The story behind this hack is that we needed time off. Both of us are working on long-term indie game projects, and we wanted to take a break from that and spend some time on something short and focused.

Our aim was to create something with rules as simple as a boardgame, but using computer simulation to allow for deep emergent behavior. From this, we designed the game around a single very simple mechanic: the players interact with the game purely by placing tiles, shaping the game world to direct and divert the creatures that inhabit it. While players win the game by having their minions destroy their opponent, they cannot interact directly with either.

Finding a theme fitting and informing this mechanic proved tricky, but sometime around midnight we settled on awakened malevolent gods, and adapted the programming and created art assets to fit.

In terms of tech, we built the game using Scala and libGDX, and that worked well for the task. libGDX provided what it promised in a straightforward manner, and Scala is a productive language. We also used Bfxr to generate sound effects.

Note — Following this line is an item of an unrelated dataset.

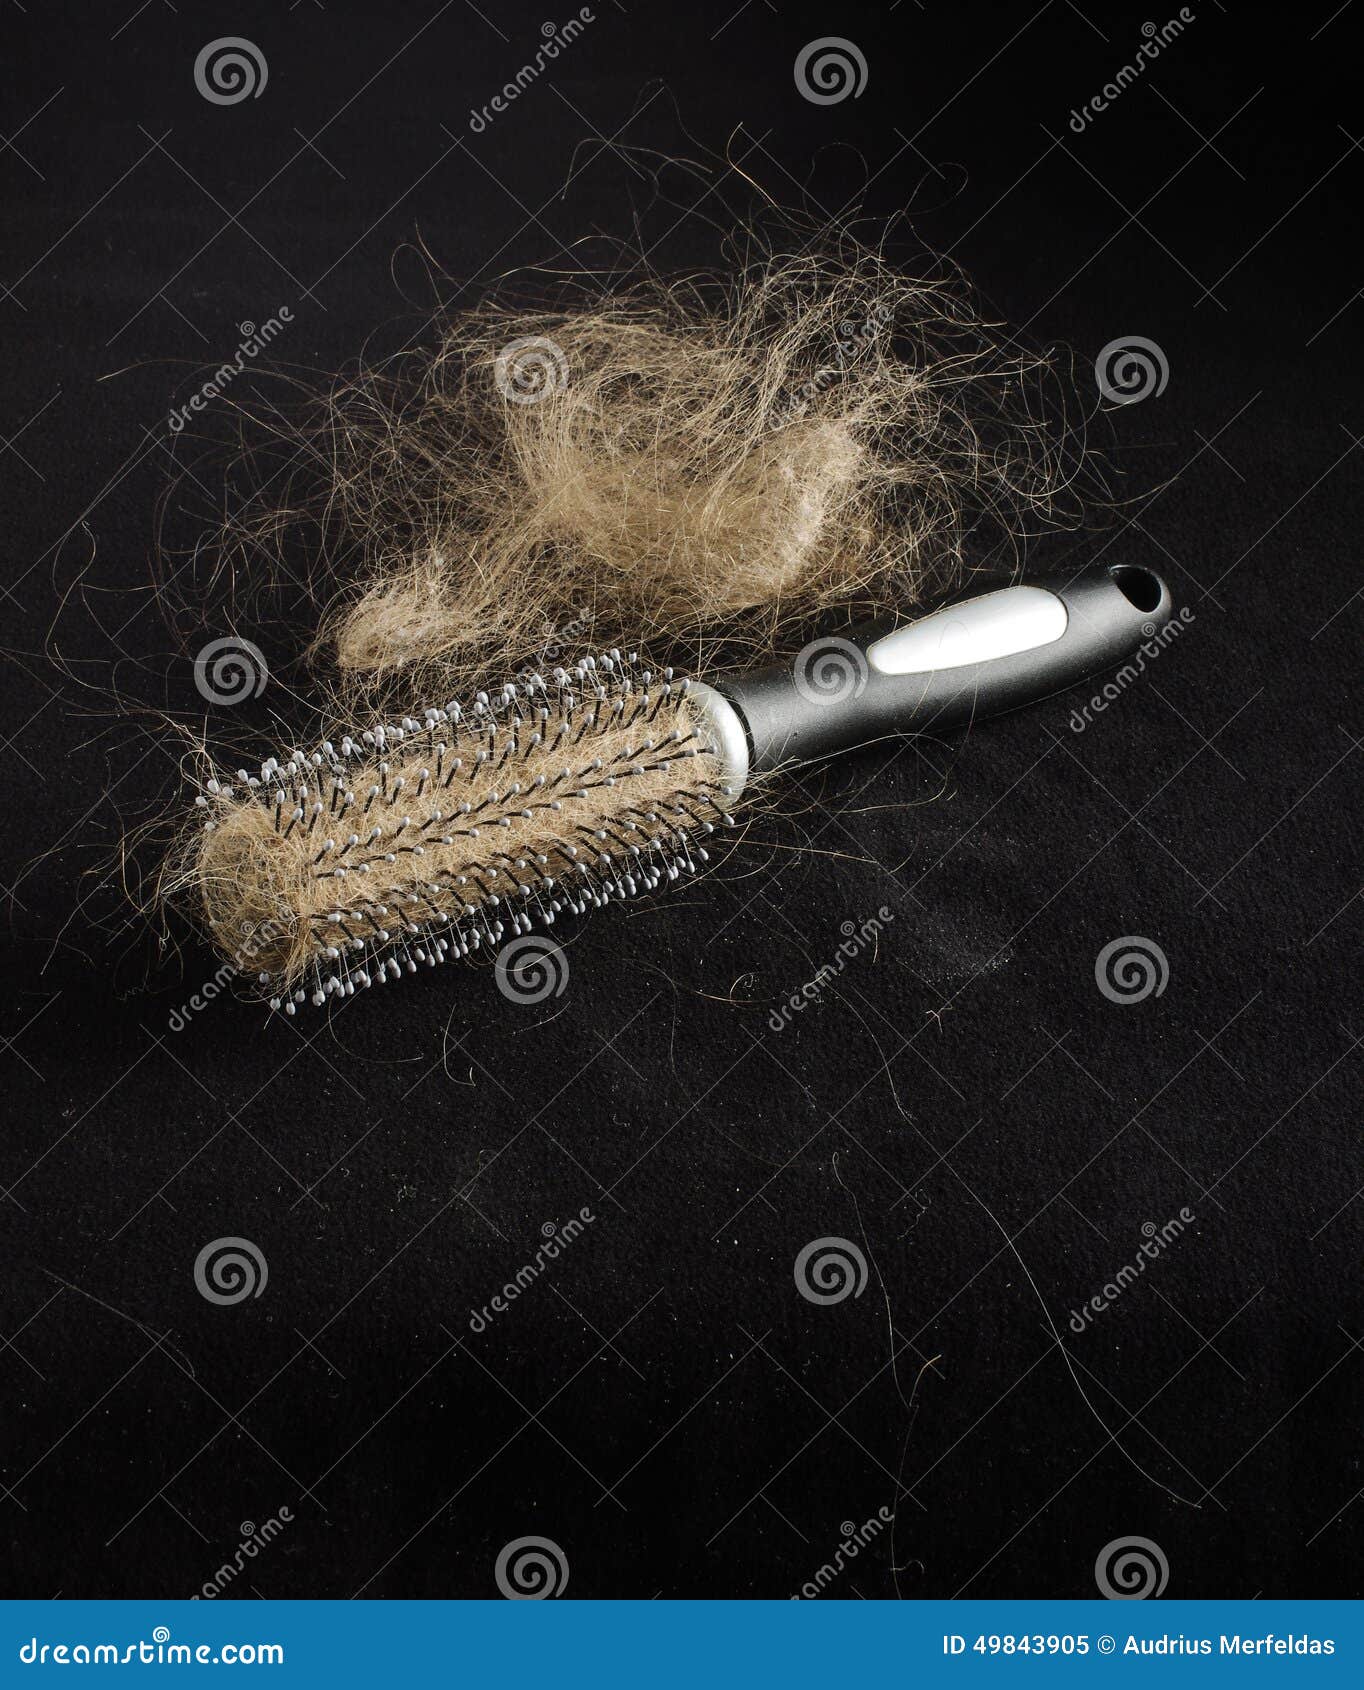 Alopecia Concept Hairbrush Full of Loss Hair Stock Image - Image of brush,  care: 49843905

We're most proud of the emergent gameplay that we got to explore with this game, often being surprised by the interesting results of combined simple behaviors. The game is tile based, and only 9 minions can inhabit a tile at a time, this cap on density leads to a number of interesting and emergent phenomena that aren't immediately obvious. Minions can also ebb and flow around the terrain in a very fluid-like manner. Some end up being far more suited to cramped combat than others, and choosing the right kind of minion for the circumstances (by placing tiles) is crucial.